Come detto, il mercato intanto continua a scontare un intervento da 50 basis point nel meeting del 14 dicembre: la probabilità è praticamente del 100%. Il top dei tassi dovrebbe essere a marzo, con un valore appena attorno al 5% e i primi tagli nel corso del secondo semestre del 2023. Il tasso dei Treasury a 2 anni ha bloccato da qualche settimana la sua ascesa e anzi ha visto un indietreggiamento (4,35% vs 4,75% di inizio novembre): segnali appunto di meno tensione sul mercato. Diverse invece la motivazione legata al calo del titolo a 10Y e sceso dal 4,20% di inizio novembre all’attuale 3,50%. In questo caso entrano in gioco più timori di rallentamento economico, che gli operatori vanno quindi a scontare sulla parte lunga della curva. L’effetto generale di tutti questi movimenti è però il recupero dell’obbligazionario nel suo complesso. Nella zona Euro, il Bund a 2Y resta appena il 2,1% mentre il decennale ha sofferto in maniera uguale al pari scadenza americano (rendimenti in close all’1,86%). Sia la curva USA che quelle della zona Euro restano quindi inclinate negativamente, promettendo attività economica debole per il 2023. Questo percorso è coerente con la fase positiva per i mercati azionari, occorre vedere cosa succederà quando la curva tornerà a irripidirsi. Tra gli altri segmenti obbligazionari segni più marcati anche per gli inflation linked, favoriti dal calo dei tassi reali. Ancora bene tutto il comparto corporate, che vede ridursi gli spread di credito.

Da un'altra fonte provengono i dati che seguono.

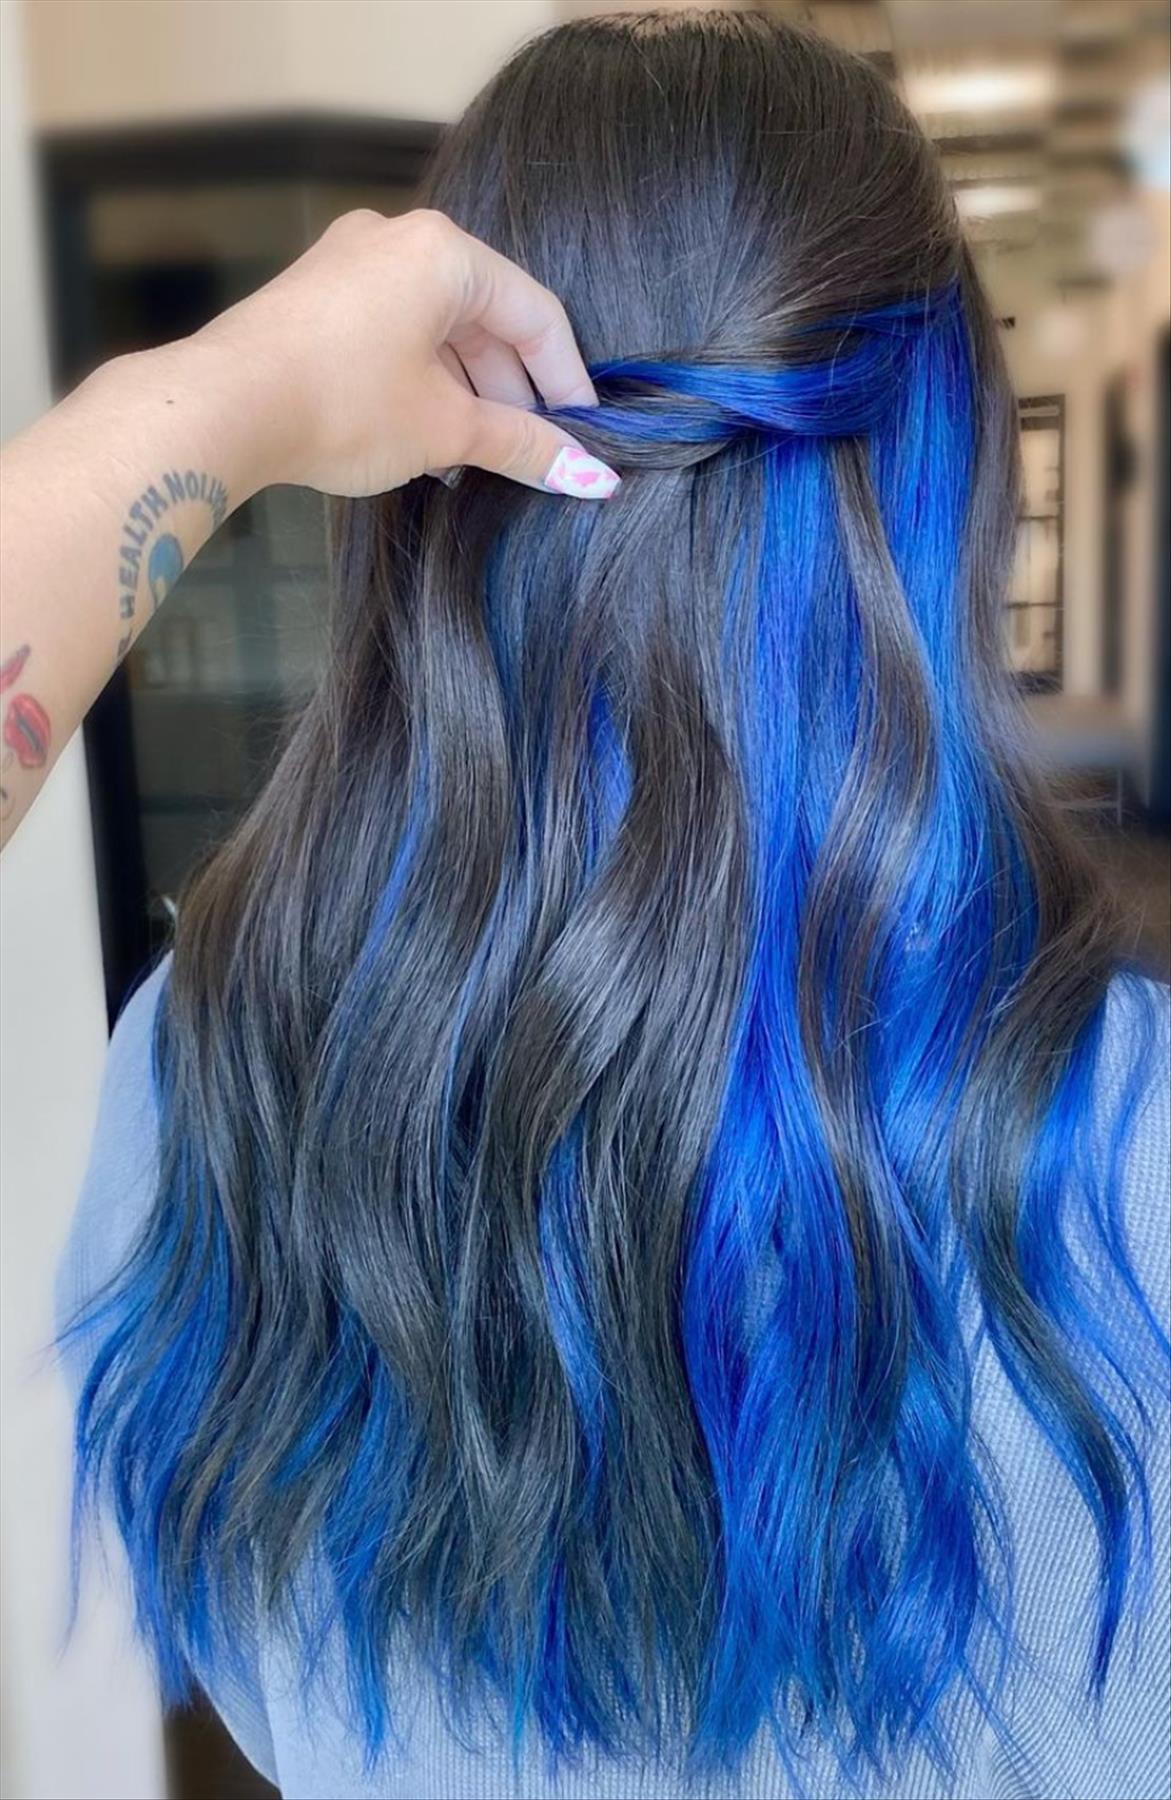 Stunning underneath hair color ideas for cool girls

Di poco positivo l’andamento del basket di materie prime, le ultime settimane sono state volatili: il greggio torna sopra quota 80$ (+5%) grazie alle ipotesi di riduzione dell’offerta da parte dell’OPEC. Il trend resta incerto e condizionato anche dalle prospettive economiche. Chi sale con forza è poi il comparto dei metalli industriali (+8%) seguito dai preziosi (oro a quasi 1.800, +2,4%). Volatile il cambio Euro-Dollaro USD: l’oscillazione è tra 1,03 e 1,05 con la valuta europea sospinta dalle ipotesi di una Fed meno aggressiva ma anche dai dati di inflazione usciti nell’Eurozona. Tra le altre valute, segnale di forza dello Yen mentre rimbalzano discretamente le cripto dopo il turbolento mese di novembre.